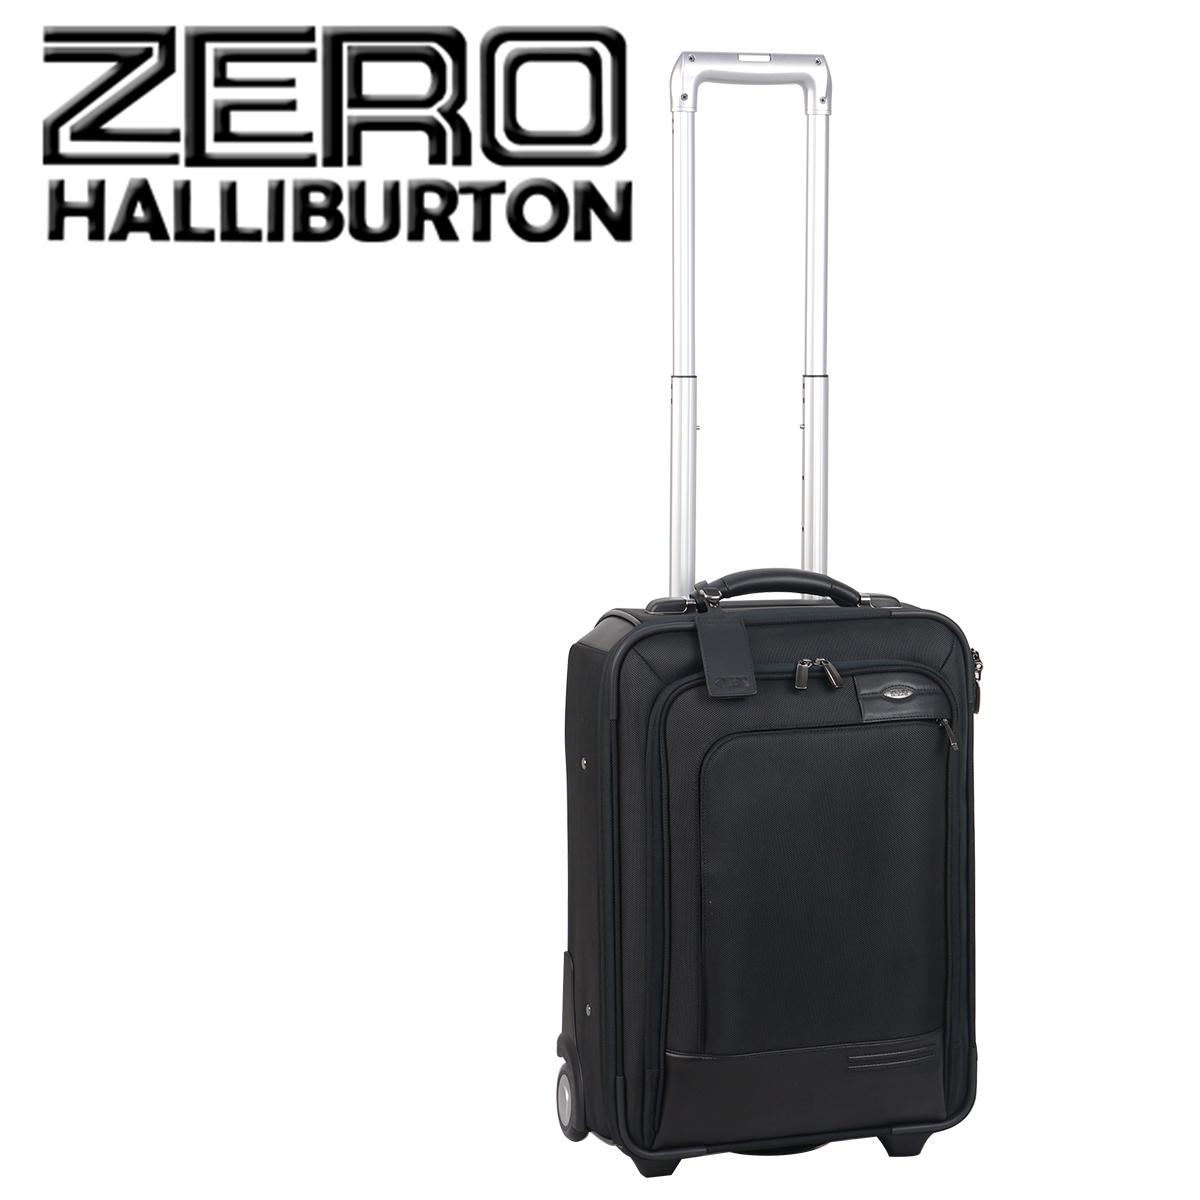 ゼロハリバートン Profile 21IN Carry On Upright キャリーケース 2輪 ブラック 北海道・沖縄は別途962円加算
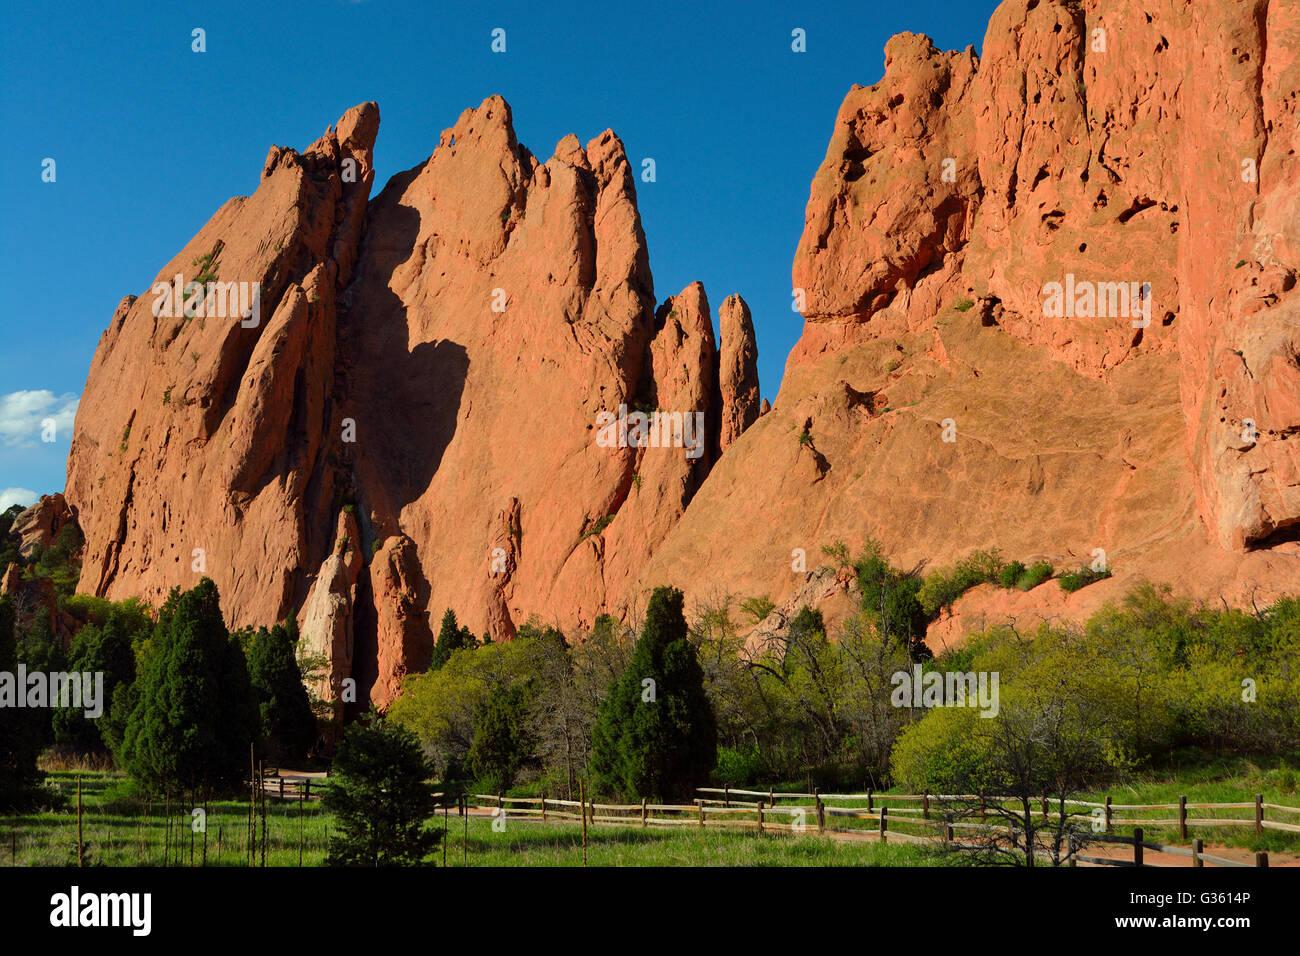 Garden of the Gods Colorado Springs - Stock Image
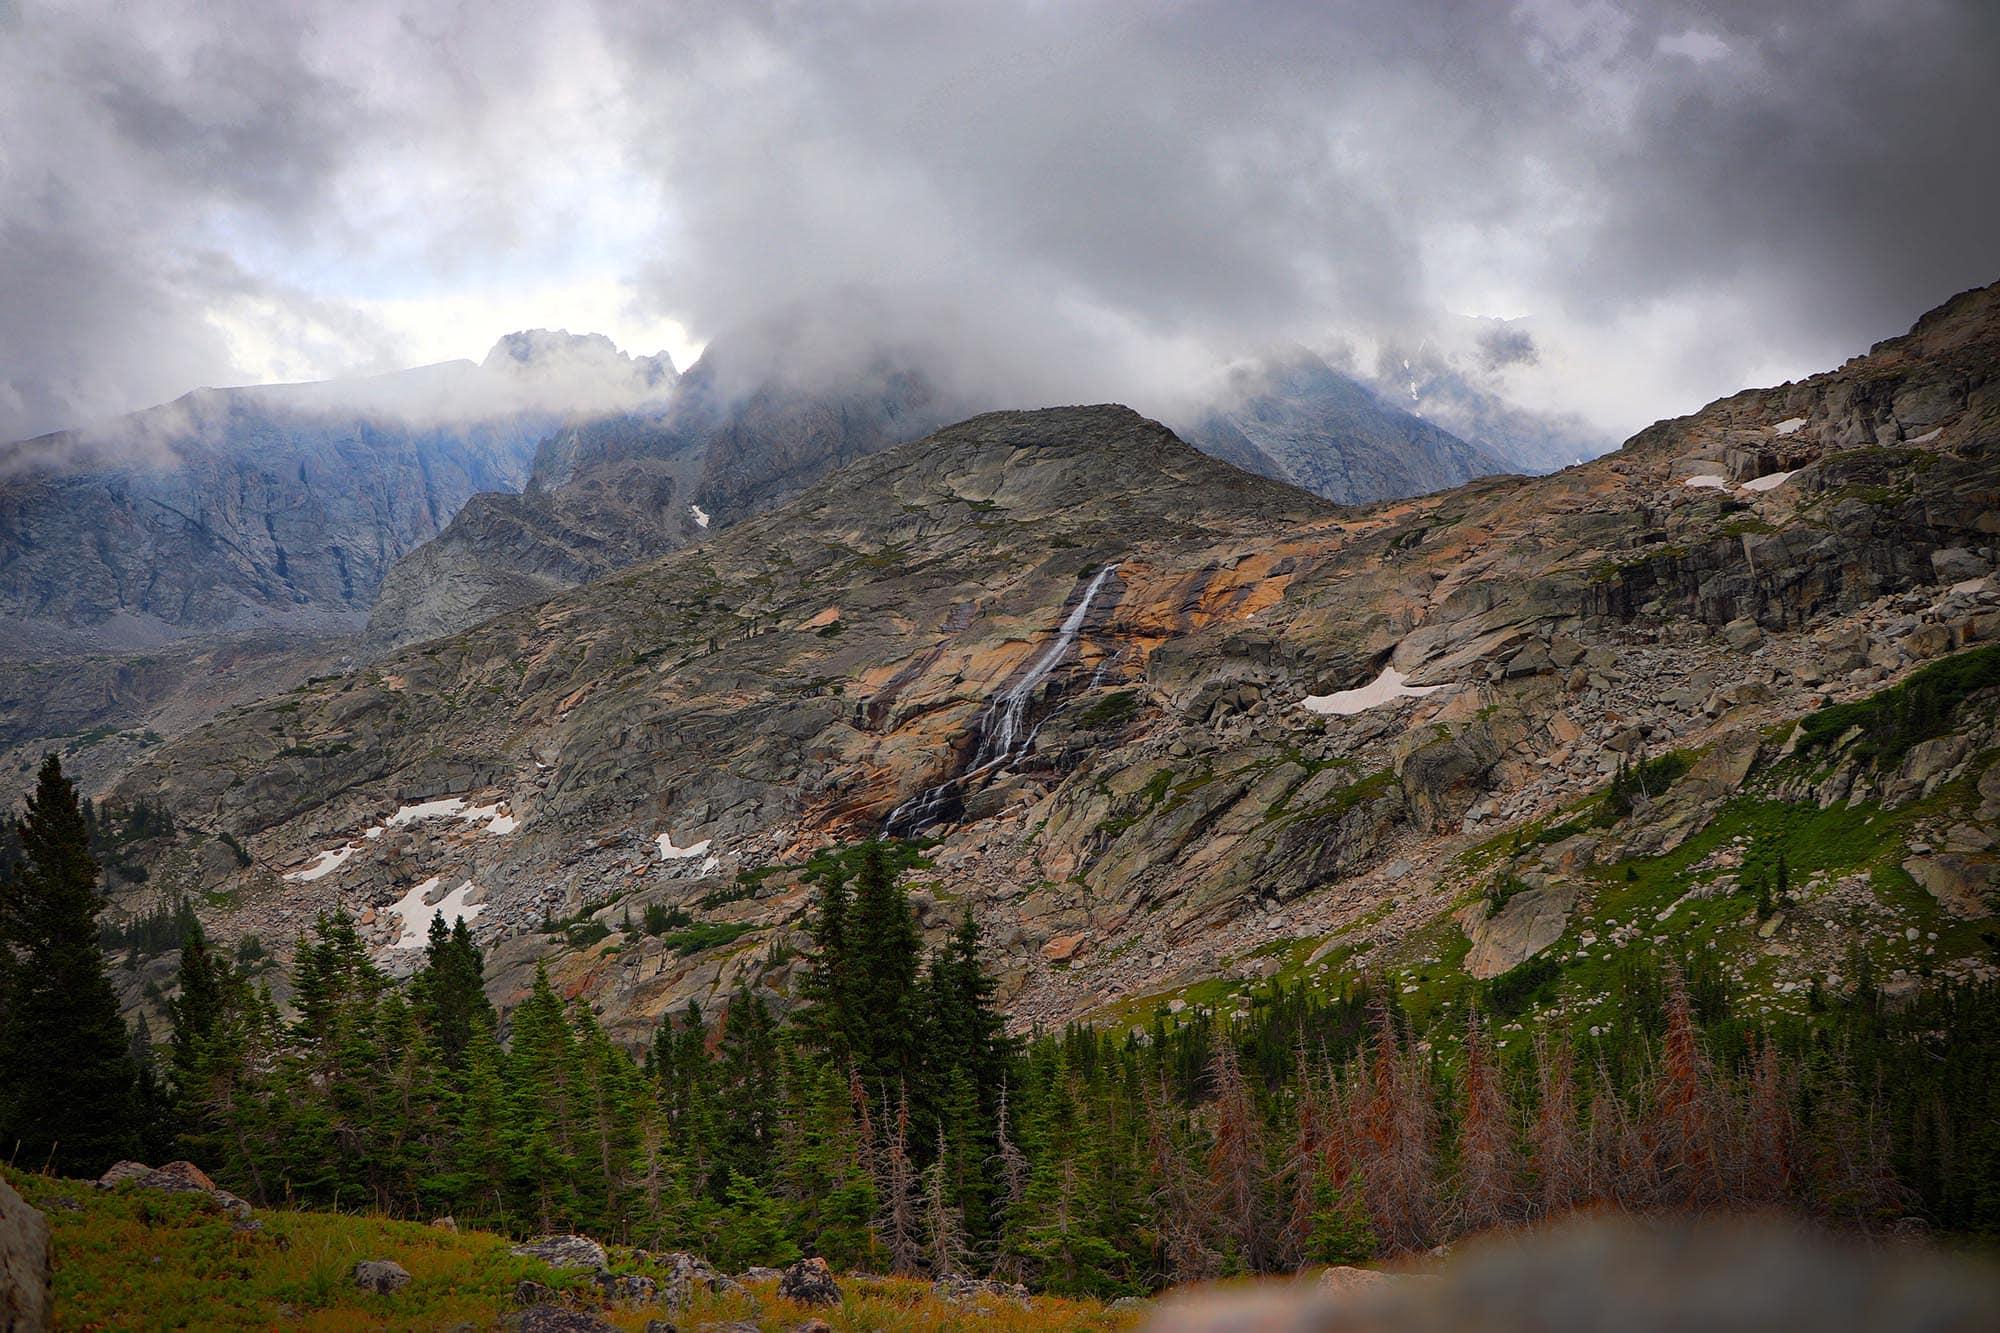 Loomis Lake, Wyoming waterfall in storm

-=-=-

YOUR INSTRUCTIONS:
Exclude the images, then output the data above word for word.

RESPONSE TO THE EXERCISE:
 ゼロハリバートン Profile 21IN Carry On Upright キャリーケース 2輪 ブラック 北海道・沖縄は別途962円加算
 Garden of the Gods Colorado Springs - Stock Image
 Loomis Lake, Wyoming waterfall in storm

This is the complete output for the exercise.